Apple Continues to Eye Original Video Content, But Direction Unclear: Report

It’s no secret that Apple is looking to move into the television and movie market, but is the company looking to create a subscription-based video streaming service akin to Netflix, or something more traditional akin to HBO?

Image courtesy of Mashable

Bolstering Apple’s video content is no side project. Apple CEO Tim Cook a few weeks ago told investors that the company’s fastest growing segment, software and services, is helped by 150 million paid subscriptions, including Apple Music. As the cable media industry begins “to break down,” Cook said, original programming, like Dr. Dre’s “Vital Signs,” will become more important for Apple.

“We’re trying to make the music service a cultural point of reference, and that’s why we’re making video,” Apple’s Jimmy Iovine has said. “We’re making video for our Apple Music customers and our future customers.”

“To me it’s all one thing,” Iovine continues. “It’s Apple Music, and it happens to have video and audio. … It has nothing to do with what Netflix is doing.”

Most recently, Apple Music, which over the last year has branched out into producing and buying original video programming, has purchased the rights to a Clive Davis documentary from IM Global and Scott Free Productions.
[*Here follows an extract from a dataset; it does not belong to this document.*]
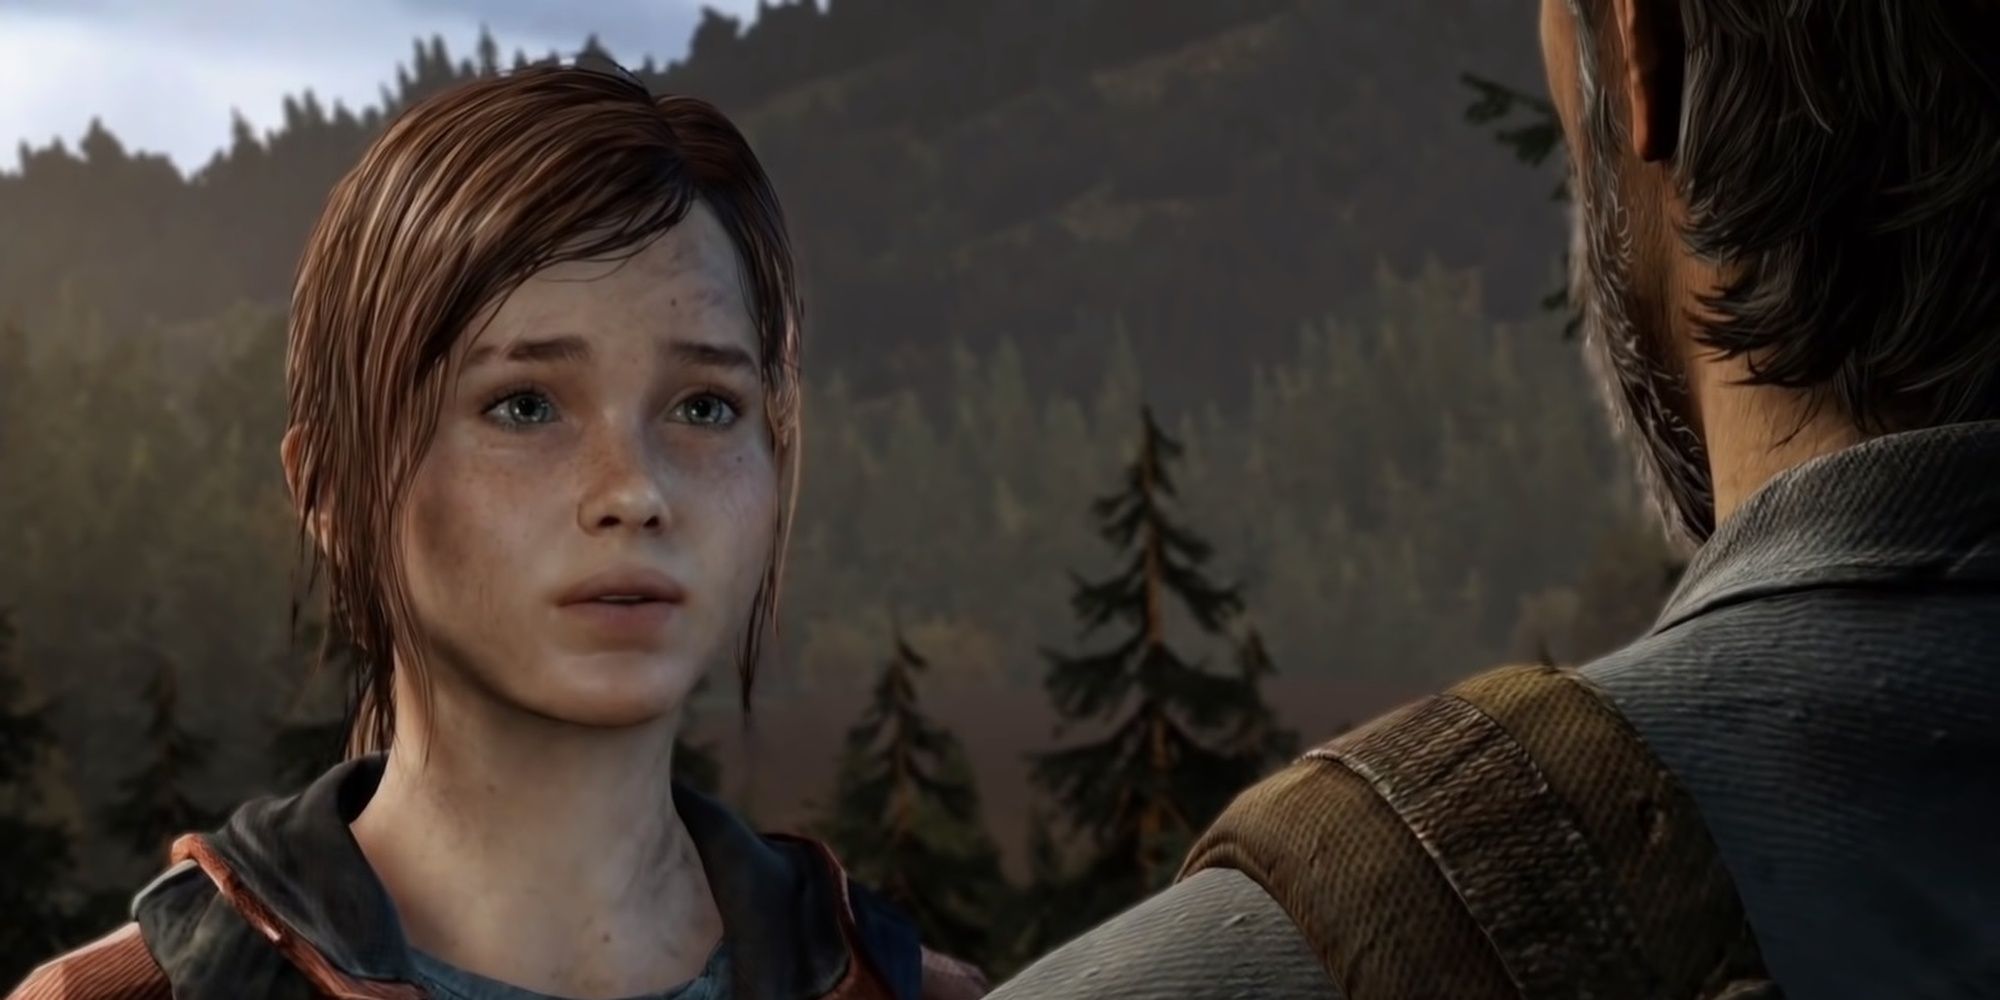 Joel lies to Ellie about what he's done in The Last of Us

Apple’s first original TV show, a competition series about the hunt for the next big mobile app called Planet of the Apps, is a reality show about apps and app developers, functioning as  a “launchpad and accelerator for exceptional developers.”

“As of right now, there isn’t a structural approach,” a person in the industry familiar with Apple’s early programming efforts said to Mashable. “There’s been a little bit of a moving target as to what exactly their plan is.”

Other unnamed sources went on to say “It’s not like they are coming to the table saying ‘We’d like to go buy six shows this year across three arenas,’” adding “It’s much more opportunistic, which makes it hard to sell to them.”

But Apple’s head of content, Eddy Cue, along with other top executives, according to “multiple sources”, have been meeting with film and TV veterans, such as executives at Paramount Pictures and Sony TV. Apple clearly wants to leverage original content to its Apple Music subscribers, such as now Amazon does with its Prime Video.

So will Apple go on to become the next big video content provider? Or will their efforts fall to the wayside?